Go through the listing that follows and write it out exactly. Drop the pictures.

DATA:
────────────────

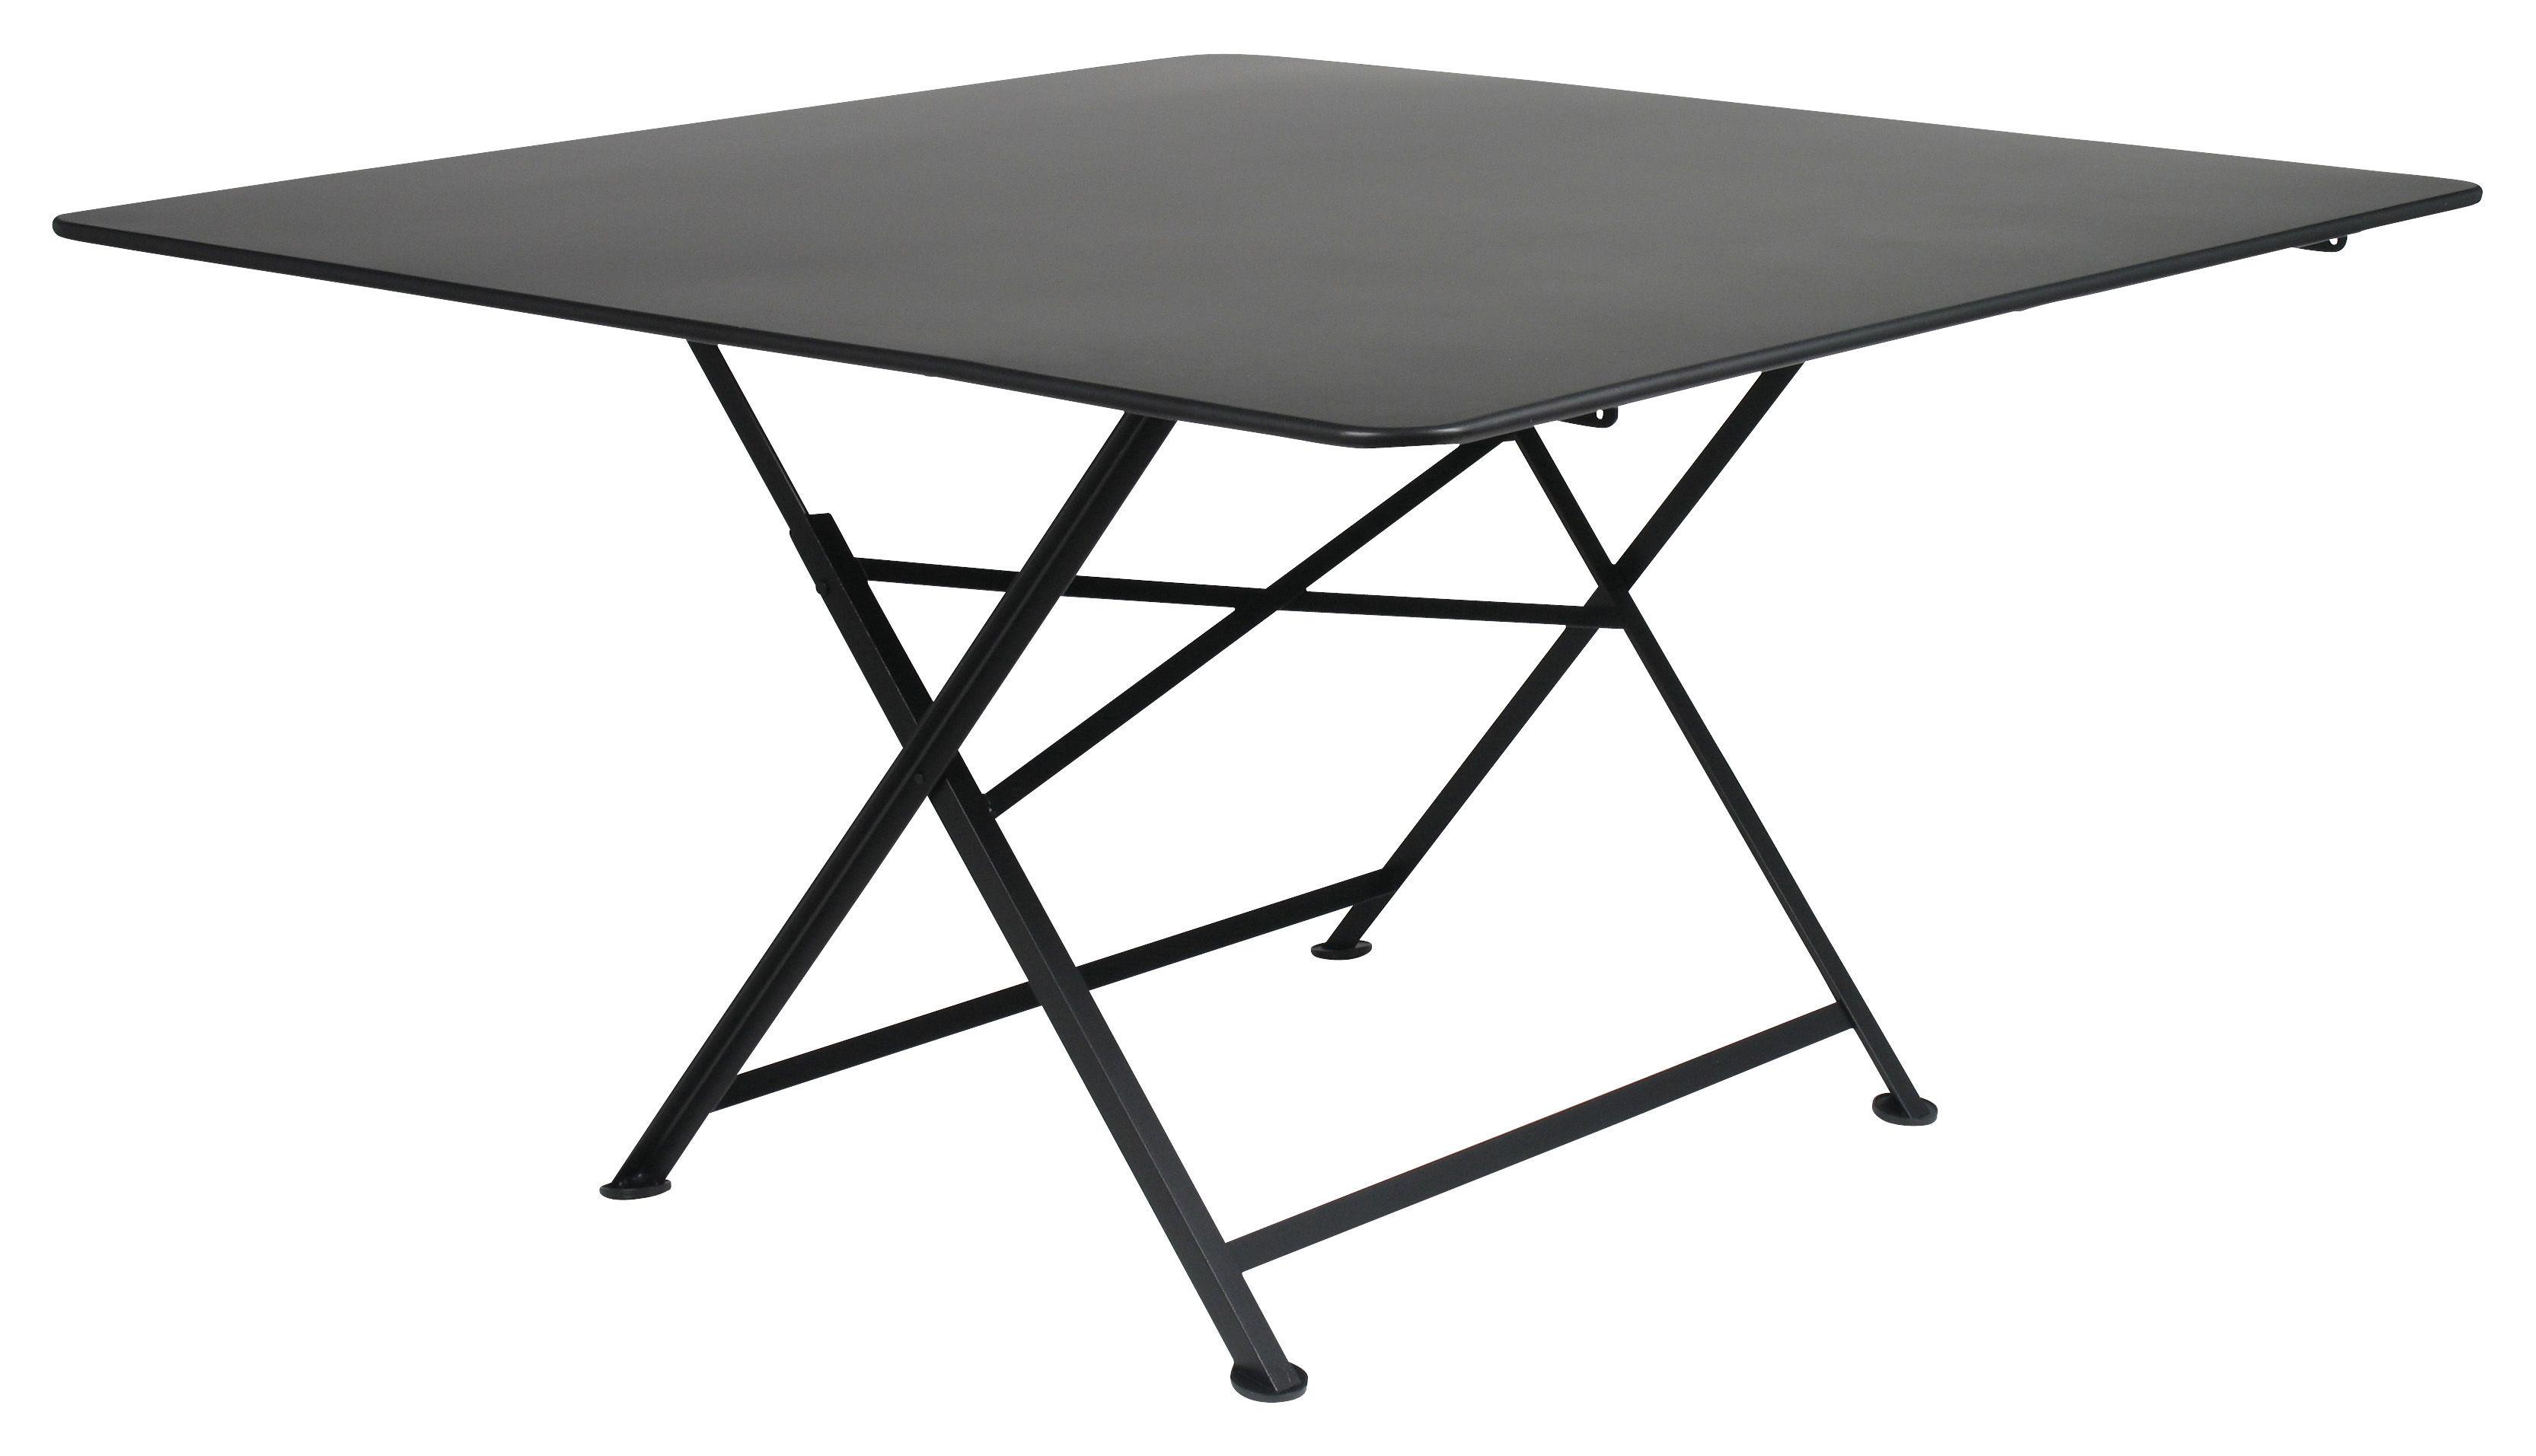 Table cargo pliante de fermob noire made in design - Table pliante design ...
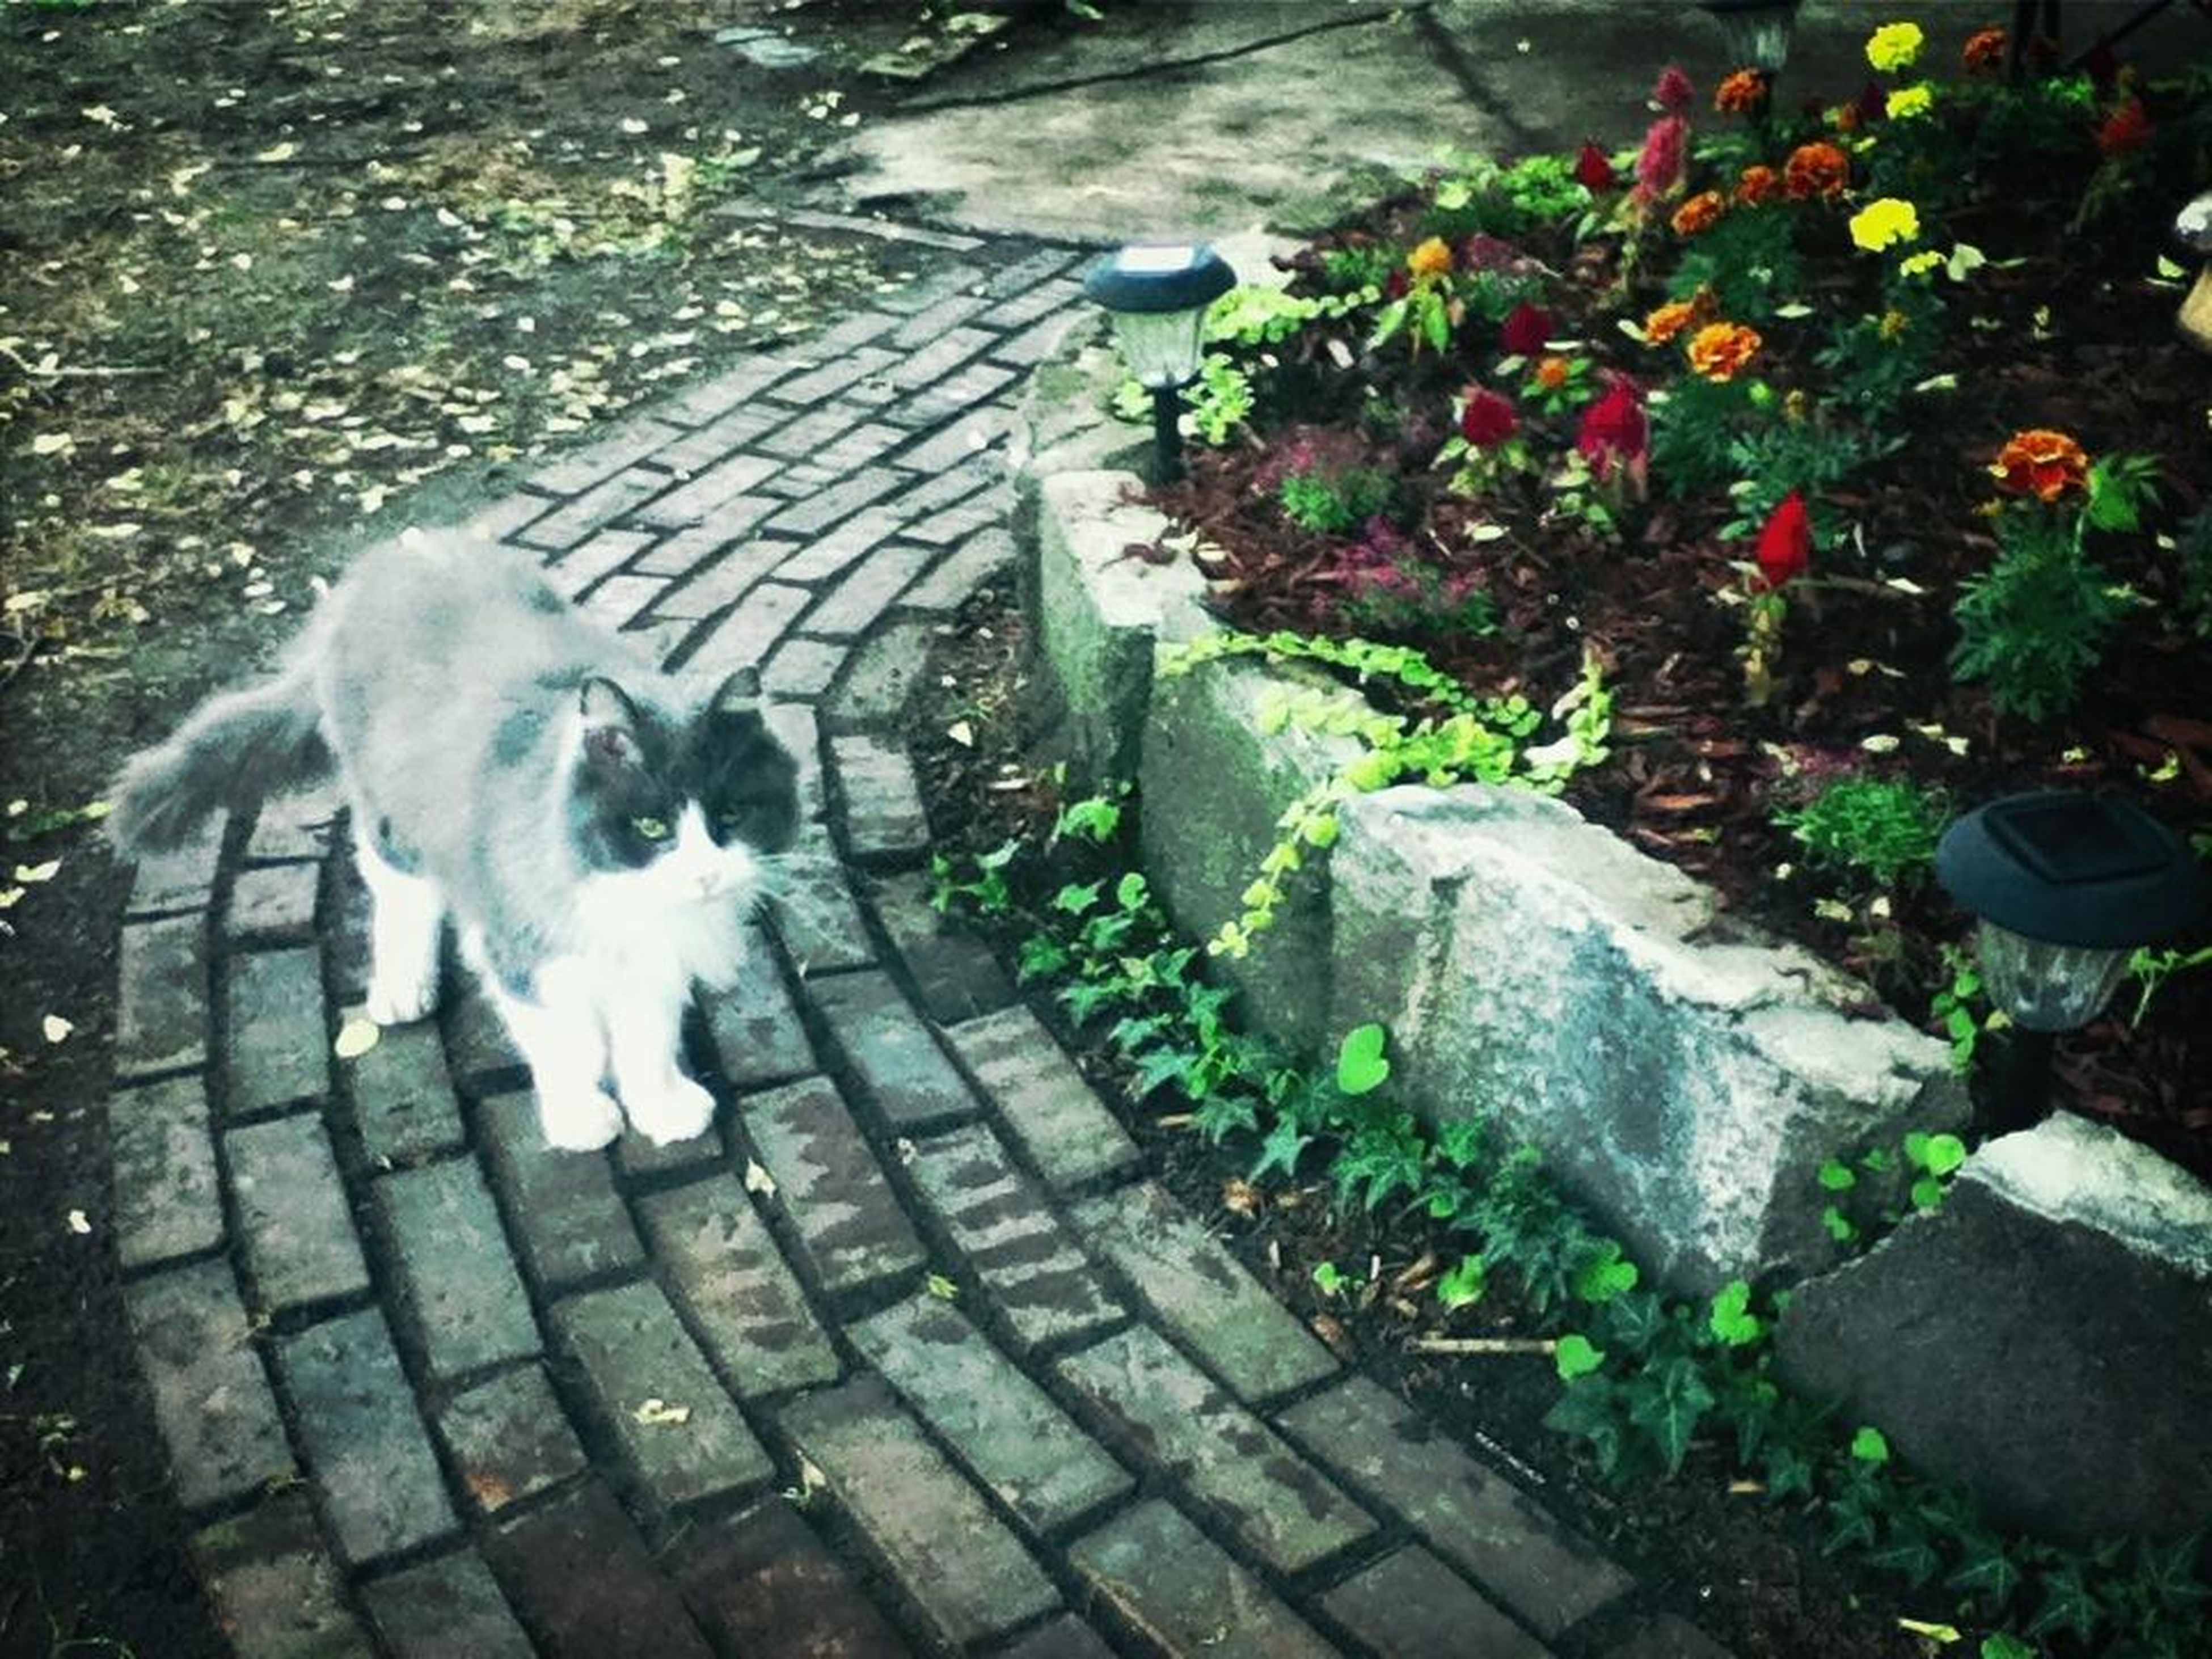 pets, domestic animals, domestic cat, mammal, high angle view, plant, cat, animal themes, one animal, leaf, footpath, steps, paving stone, outdoors, feline, dog, sidewalk, cobblestone, sunlight, day
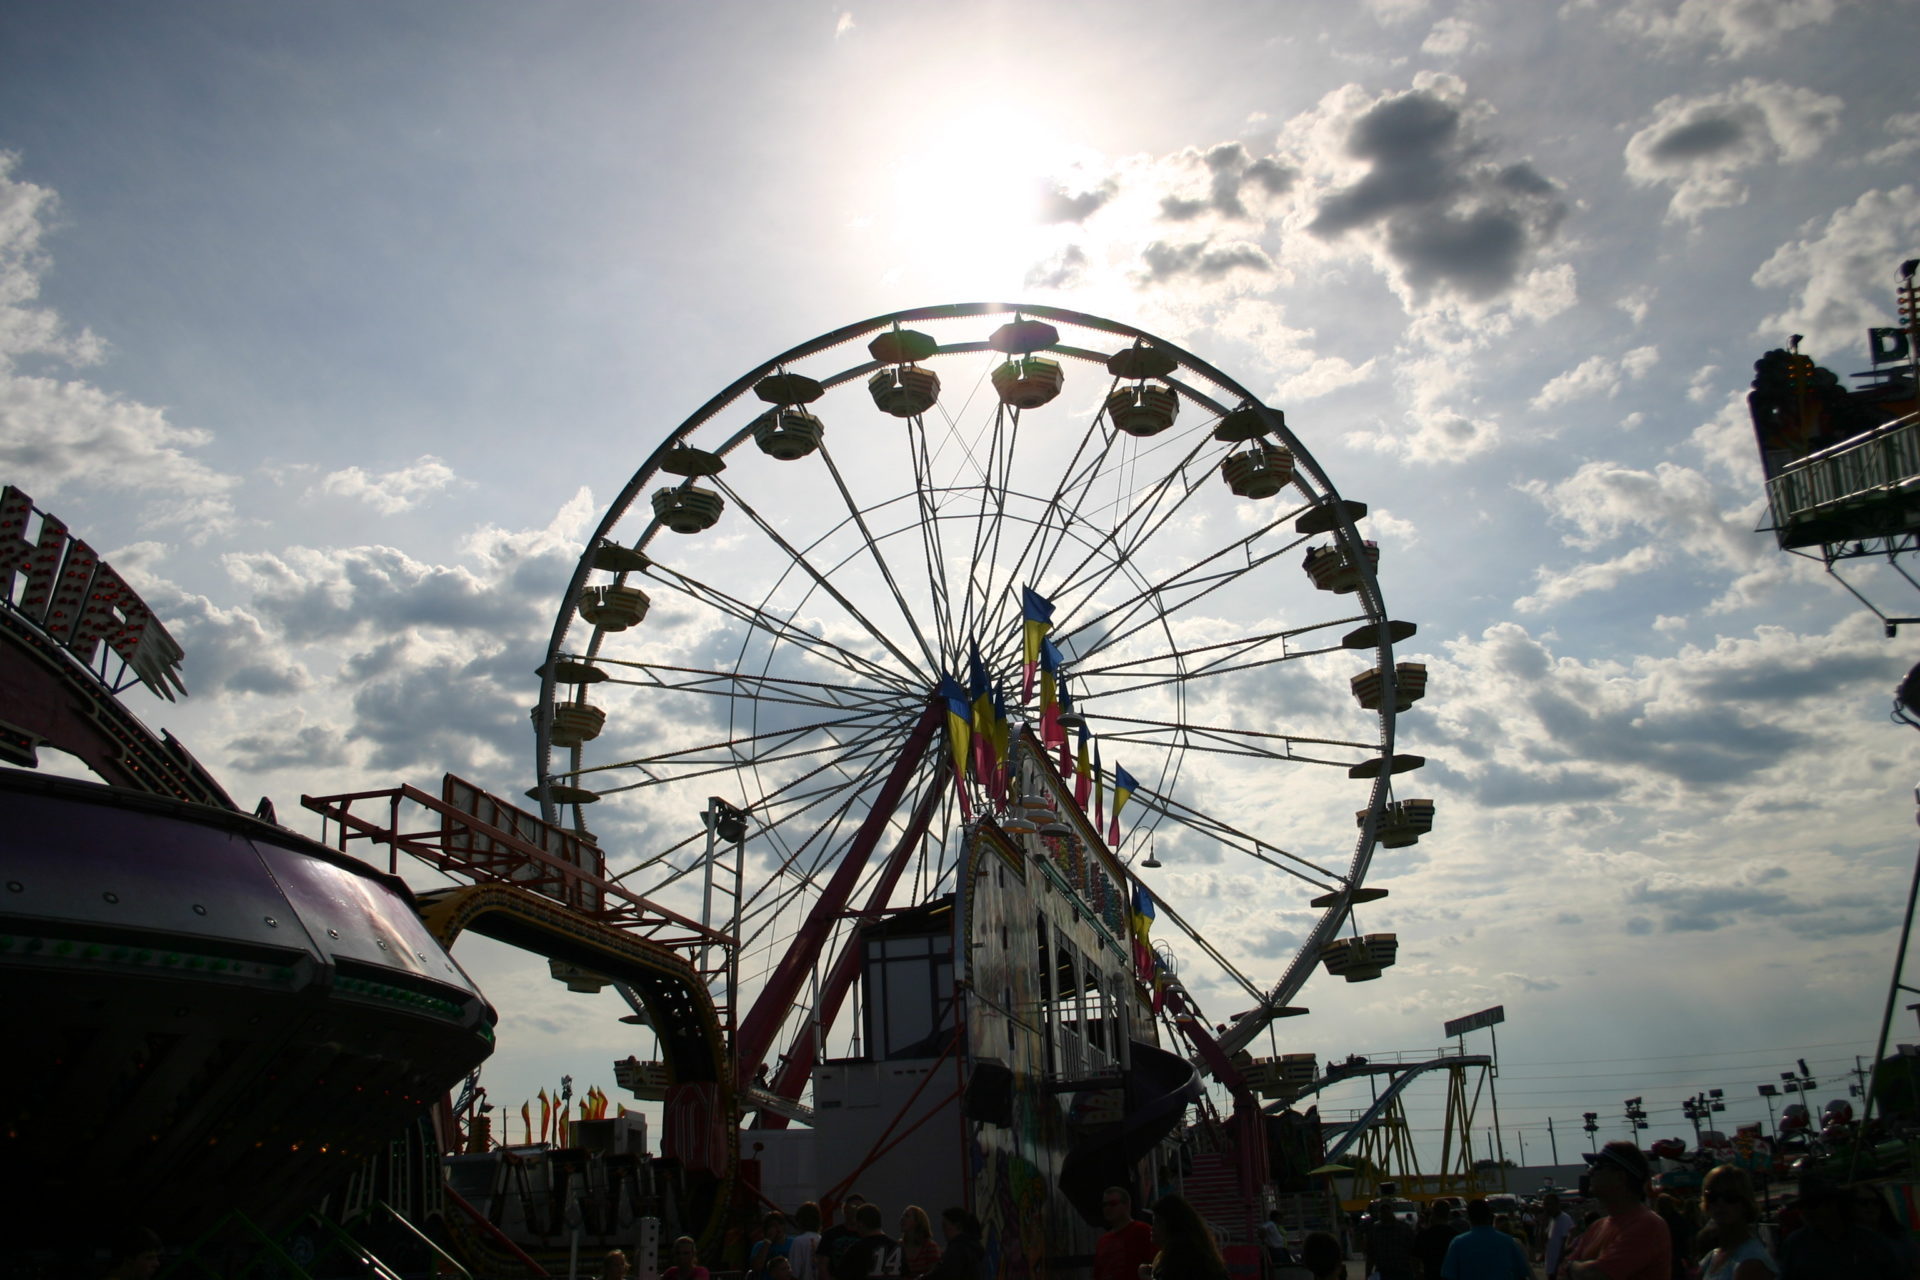 The Missouri State Fair in Sedalia, Missouri

────────────────

YOUR RESPONSE:
 Table cargo pliante de fermob noire made in design - Table pliante design ...
 pets, domestic animals, domestic cat, mammal, high angle view, plant, cat, animal themes, one animal, leaf, footpath, steps, paving stone, outdoors, feline, dog, sidewalk, cobblestone, sunlight, day
 The Missouri State Fair in Sedalia, Missouri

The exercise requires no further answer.